BRINGING DEVELOPMENT BACK TO THE PEOPLE

 

EXECUTIVE SUMMARY

In her 2006 State of the Nation Address, President Gloria Macapagal-Arroyo unveiled the Super Regions, a development concept aimed at harnessing the natural competitive advantage/s of major areas of the country as well as that of knowledge and technology.   Five (5) distinct sub-economic regions of the country were formed - - the North Luzon Agribusiness Quadrangle, the Luzon Urban Beltway, Central Philippines Super Region, Mindanao Super Region, and the Cyber Corridor.  With these enlarged development areas, economic and market potentials are expected to be boosted beyond what each region can generate, with economies of scale, synergies and complementation serving as added attraction to investors, lenders and aid donors.  Through the Super Regions, development is being brought back to the people at a faster rate in terms of physical infrastructure, development of human capital and peaceful communities.  Billions of pesos are being invested in the Super Regions, a result of the country’s much improved fiscal situation and macroeconomic condition. 

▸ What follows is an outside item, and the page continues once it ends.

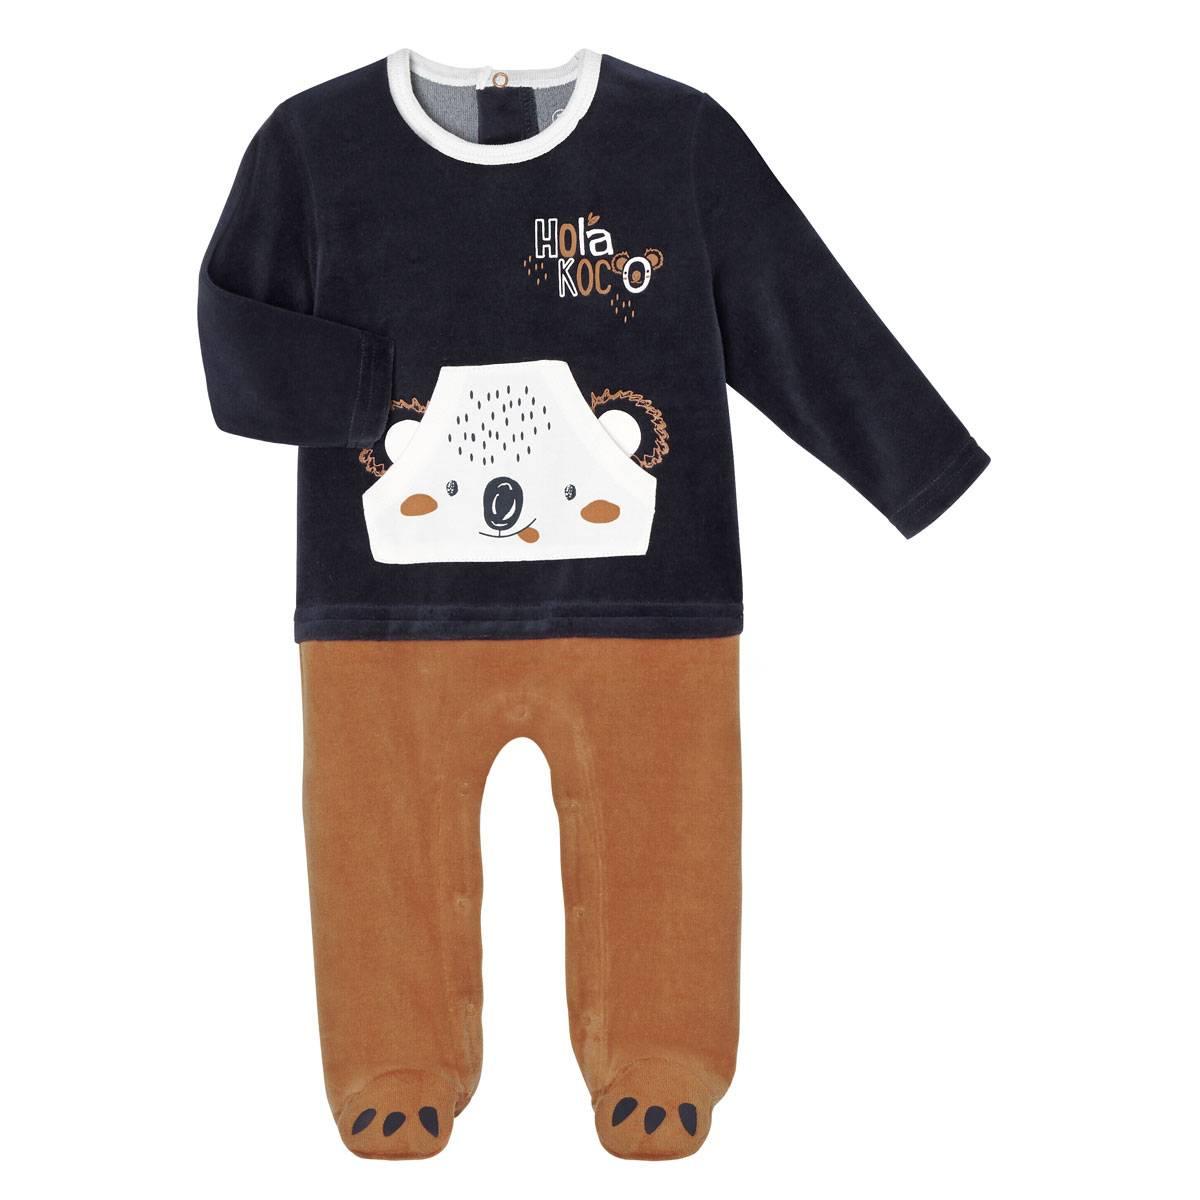 Pyjama bébé velours Hola Koco

At the same time, the government is making headway in the social payback of economic reforms.  The social payback of economic reforms is manifested in the government’s mantra to gain 8 blessings by the year 2008, or investing in people for 8 by '08.  The eight blessings are: job creation; stable cost of living: strong peso; more investments; pro-poor education; pro-poor hunger mitigation; housing, and health; green Philippines; and strong anti-terror.

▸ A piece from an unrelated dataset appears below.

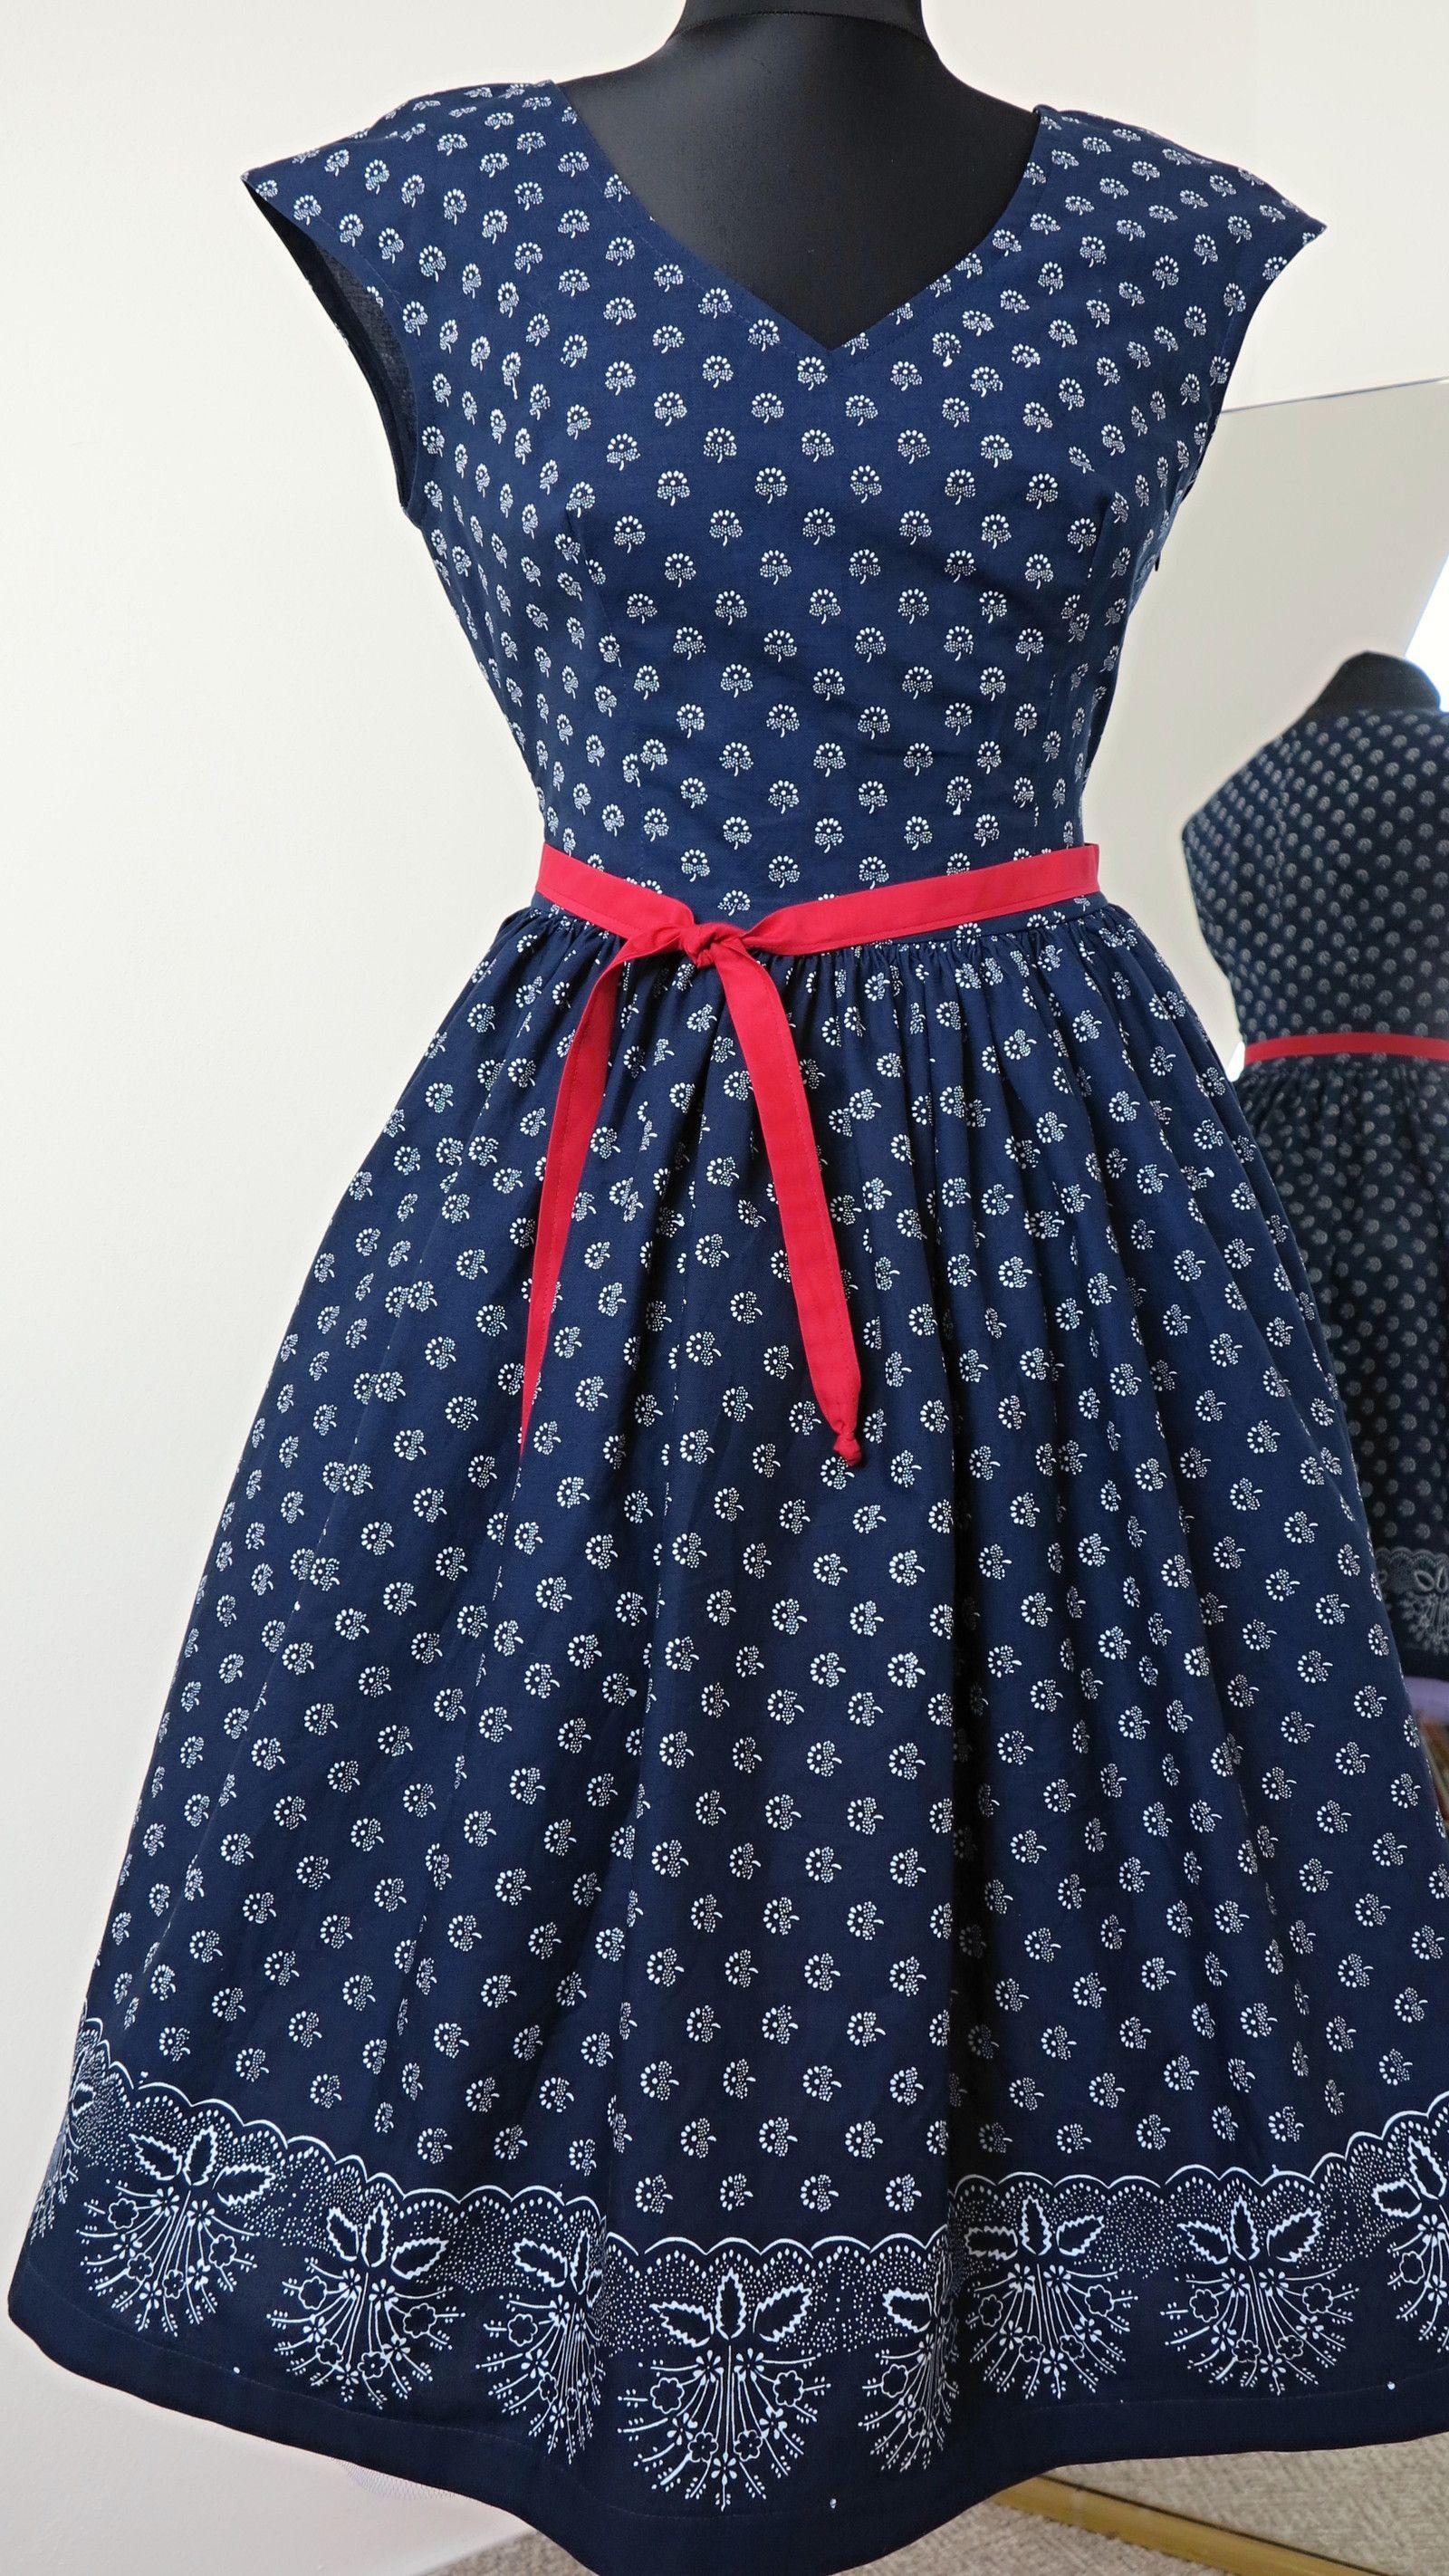 08887e8cfb2 šaty+modrotiskové

A. ACHIEVED SUSTAINED ECONOMIC GROWTH

We have strong macroeconomic fundamentals. Economic indicators show a resilient and robust economy.

  • Gross domestic product (GDP) grew solidly at 6.9% in the first quarter of 2007, the highest growth achieved in 17 years, while Gross National Product (GNP) expanded by 6.6%.

 

  • Interest rates, as of May 2007, are at an all time low at 2.996%, making credit more affordable.
  • Increases in prices of goods and services have slowed down as inflation rate in the first semester of 2007 averaged at 2.6%, one of the lowest in recent years.

 

  • Overseas remittances are at record high levels. In May 2007, OFW remittances reached US$1.2 billion, the 13th straight month that remittances breached the US$1 billion mark.  Strong inflows from abroad boosted the country’s gross international reserves (GIR) to another all-time high of US $26.4 billion. 
  • We have lowered the fiscal deficit.

 

    • The 2006 fiscal deficit of P62.2 billion (1% of GDP) was the lowest in eight (8) years. It is almost half the 2006 program deficit of P124.9 billion and 42% lower than the P146.8 billion deficit posted in 2005. Government revenues of P978.7 billion in 2006 is 0.5% higher than its target of P974.1 billion and 19.9% higher than the 2005 collections of P816.2 billion. Expenditures in 2006, meantime, amounted to P1.0 trillion, P58.1 billion or 5.3% less than the programmed expenditures of P1.1 trillion
  • Revenue collections for the 1st semester of 2007 reached P510.3 billion, an increase of approximately 8.3% compared to the first semester 2006 revenues of P471 billion. BIR collections reached P334.7 billion (5.1% higher than the P318.4 billion collected during the same period last year) while BOC reached P92.2 billion (2.7% lower than last year’s collection of P94.7 billion). However, BTr’s income amounted to P34.2 billion, 6.3% lower than 1st semester 2006 P36.5 billion collection.

 

  • The 1st semester 2007 fiscal deficit reached P41 billion, about 30.1% or P9.5 billion higher than the P31.5 billion deficit incurred during the same period last year. It exceeded the programmed ceiling of P31.3 billion by P9.7 billion or 31%. Nonetheless, the National Government shall vigorously implement the tax administration program to enhance collection efficiency, generate additional revenues from accelerated privatization efforts and sustain efforts to curb corruption leakages through the Run After Tax Evaders (RATE), Run After the Smugglers (RATS) and Revenue Integrity Protection Service (RIPS) program in order to plug a looming fiscal deficit.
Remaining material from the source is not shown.